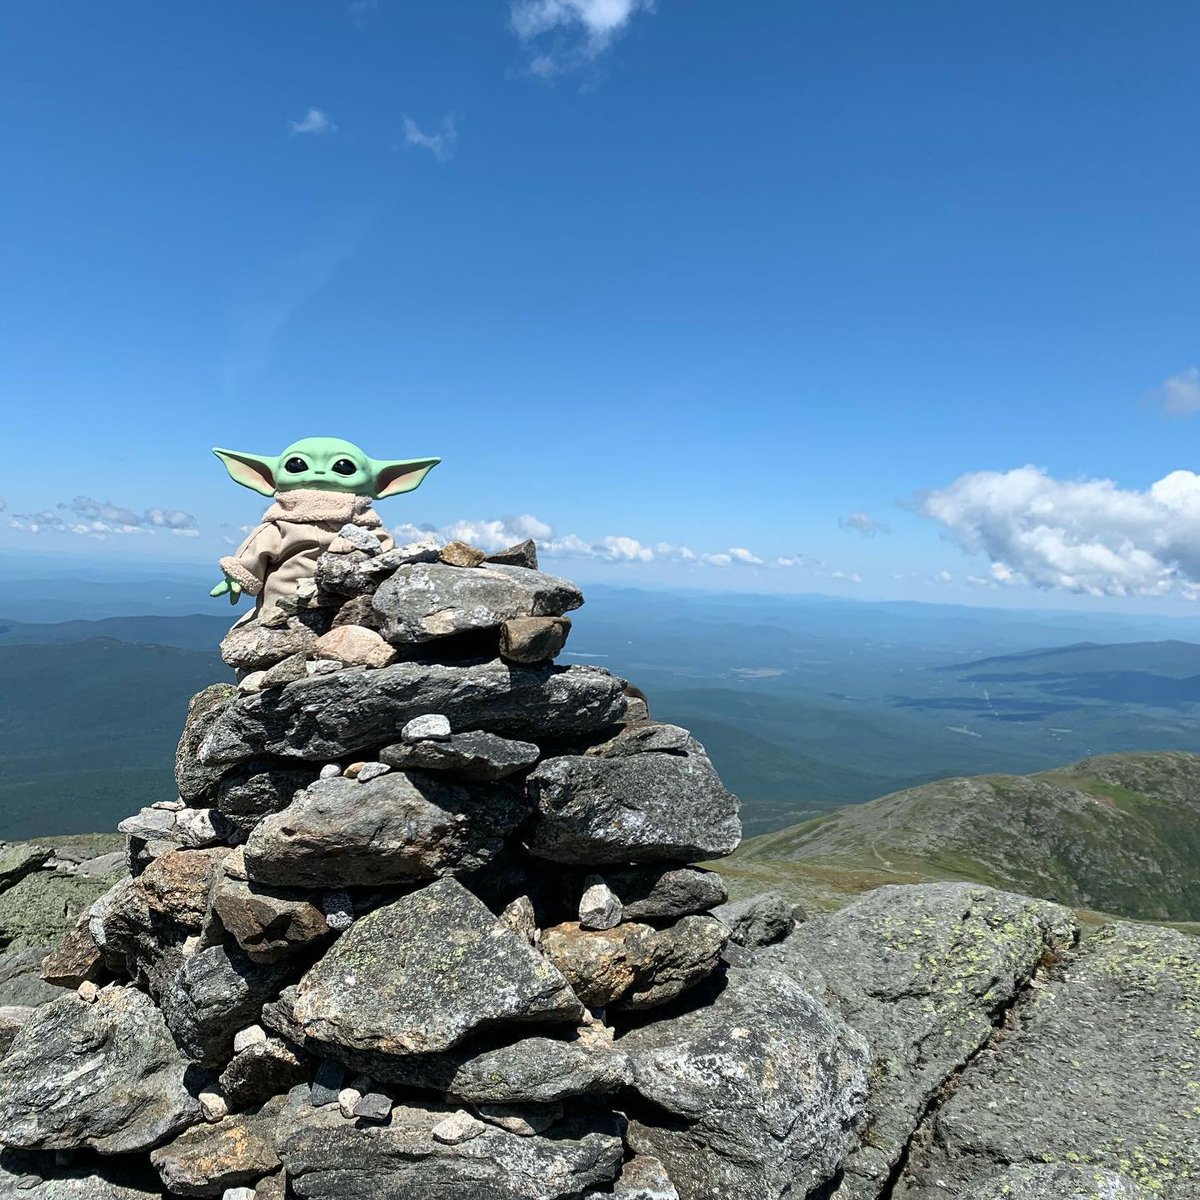 May the 4th be with you!
📷: @lakelifewithbabyyoda
#StarWarsDay #WhiteMountains

WHAT THE TASK REQUIRES — Write out every line above exactly as it is, leaving out the pictures.

EXPECTED OUTPUT —
 May the 4th be with you!
📷: @lakelifewithbabyyoda
#StarWarsDay #WhiteMountains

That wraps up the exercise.